Crystal Diffusion Variational Autoencoder for Periodic Material
Generation
- URL: http://arxiv.org/abs/2110.06197v1
- Date: Tue, 12 Oct 2021 17:49:49 GMT
- Title: Crystal Diffusion Variational Autoencoder for Periodic Material
Generation
- Authors: Tian Xie, Xiang Fu, Octavian-Eugen Ganea, Regina Barzilay, Tommi
Jaakkola
- Abstract summary: We propose a Crystal Diffusion Variational Autoencoder (CDVAE) that captures the inductive bias of material stability.

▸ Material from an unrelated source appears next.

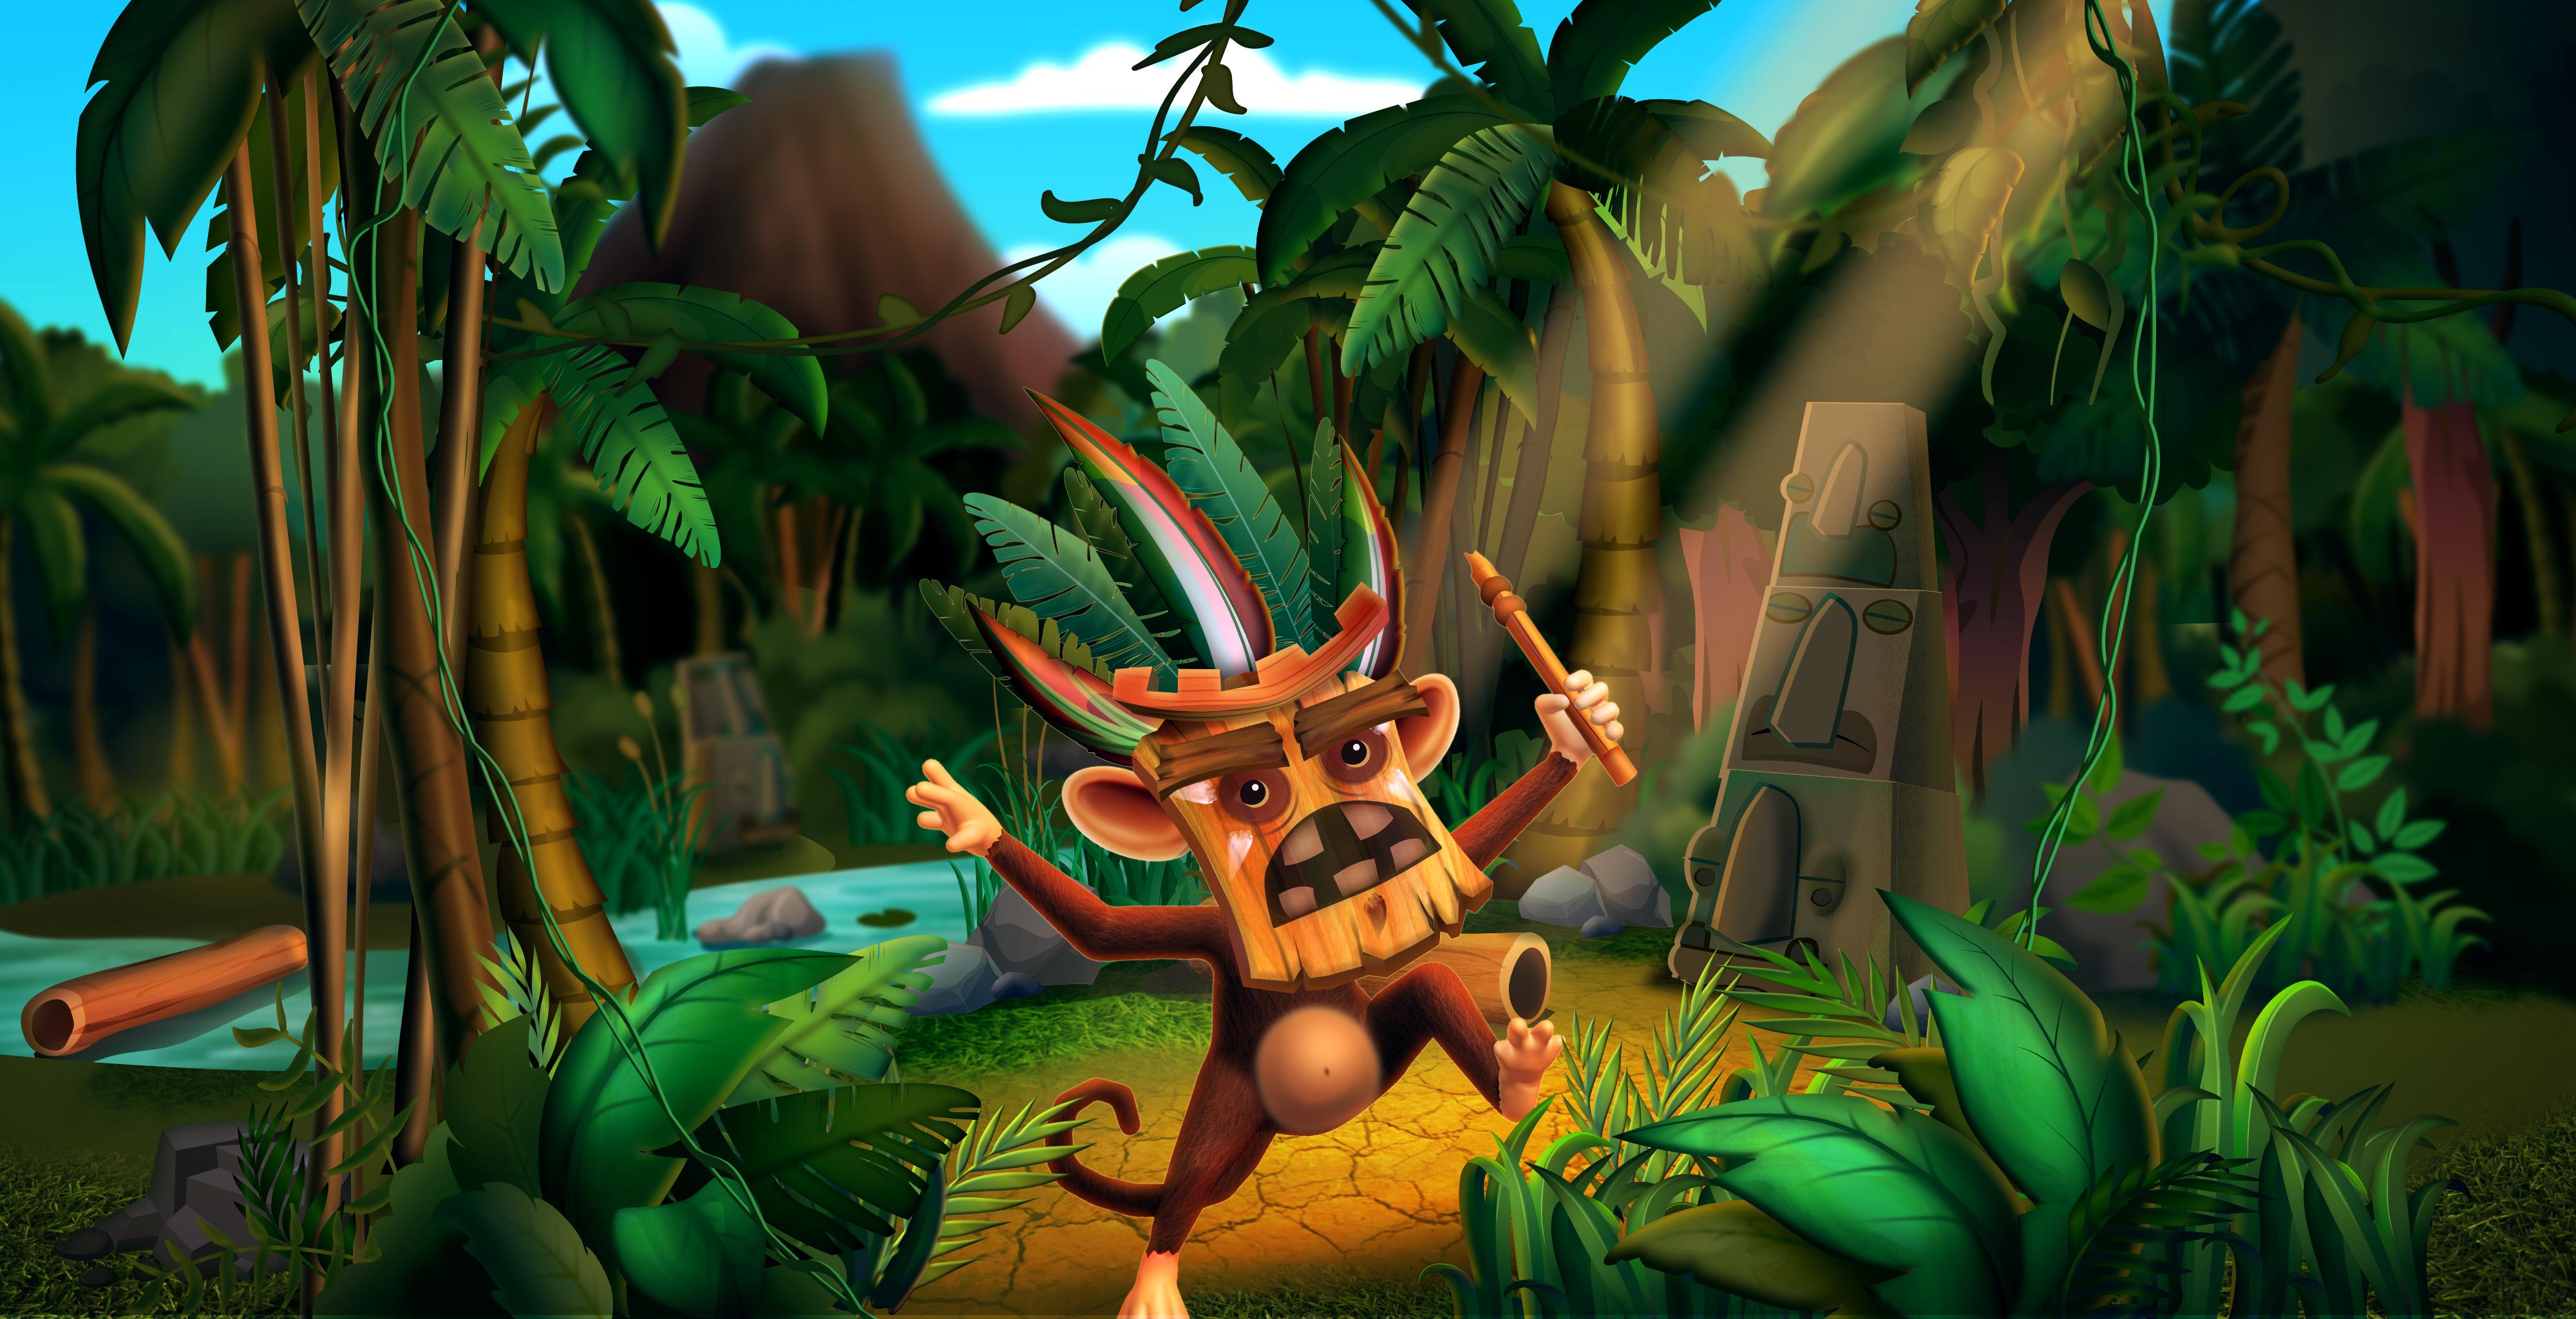 Game Art Wallpaper - Jungle

By learning from the data distribution of stable materials, the decoder generates materials in a diffusion process that moves atomic coordinates towards a lower energy state.
We significantly outperform past methods in three tasks: 1) reconstructing the input structure, 2) generating valid, diverse, and realistic materials, and 3) generating materials that optimize a specific property.

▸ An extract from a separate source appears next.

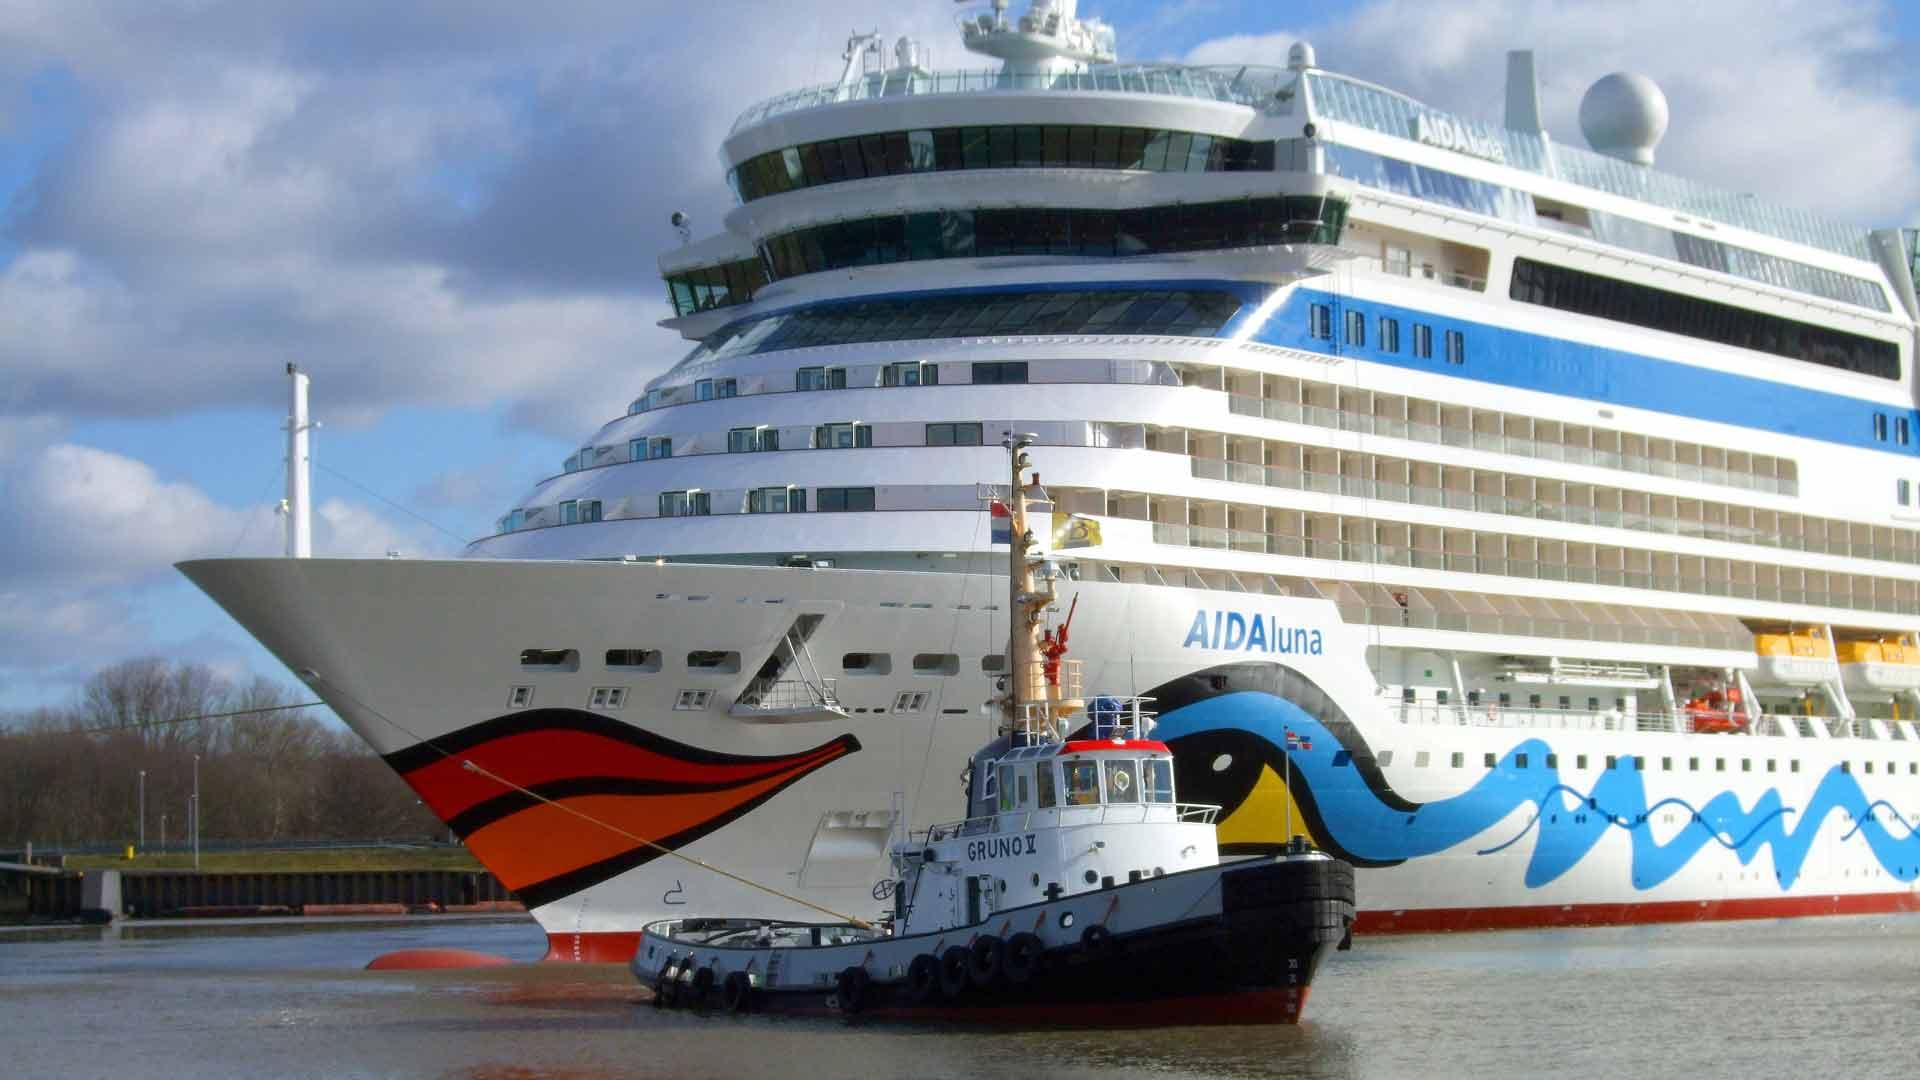 Op de Meyer Werft in Papenburg worden enorme cruiseschepen gebouwd. © Emsland Touristik GmbH

- Score: 29.558155407825115
- License: http://arxiv.org/licenses/nonexclusive-distrib/1.0/
- Abstract: Generating the periodic structure of stable materials is a long-standing
challenge for the material design community. This task is difficult because
stable materials only exist in a low-dimensional subspace of all possible
periodic arrangements of atoms: 1) the coordinates must lie in the local energy
minimum defined by quantum mechanics, and 2) global stability also requires the
structure to follow the complex, yet specific bonding preferences between
different atom types. Existing methods fail to incorporate these factors and
often lack proper invariances. We propose a Crystal Diffusion Variational
Autoencoder (CDVAE) that captures the physical inductive bias of material
stability. By learning from the data distribution of stable materials, the
decoder generates materials in a diffusion process that moves atomic
coordinates towards a lower energy state and updates atom types to satisfy
bonding preferences between neighbors. Our model also explicitly encodes
interactions across periodic boundaries and respects permutation, translation,
rotation, and periodic invariances. We significantly outperform past methods in
three tasks: 1) reconstructing the input structure, 2) generating valid,
diverse, and realistic materials, and 3) generating materials that optimize a
specific property. We also provide several standard datasets and evaluation
metrics for the broader machine learning community.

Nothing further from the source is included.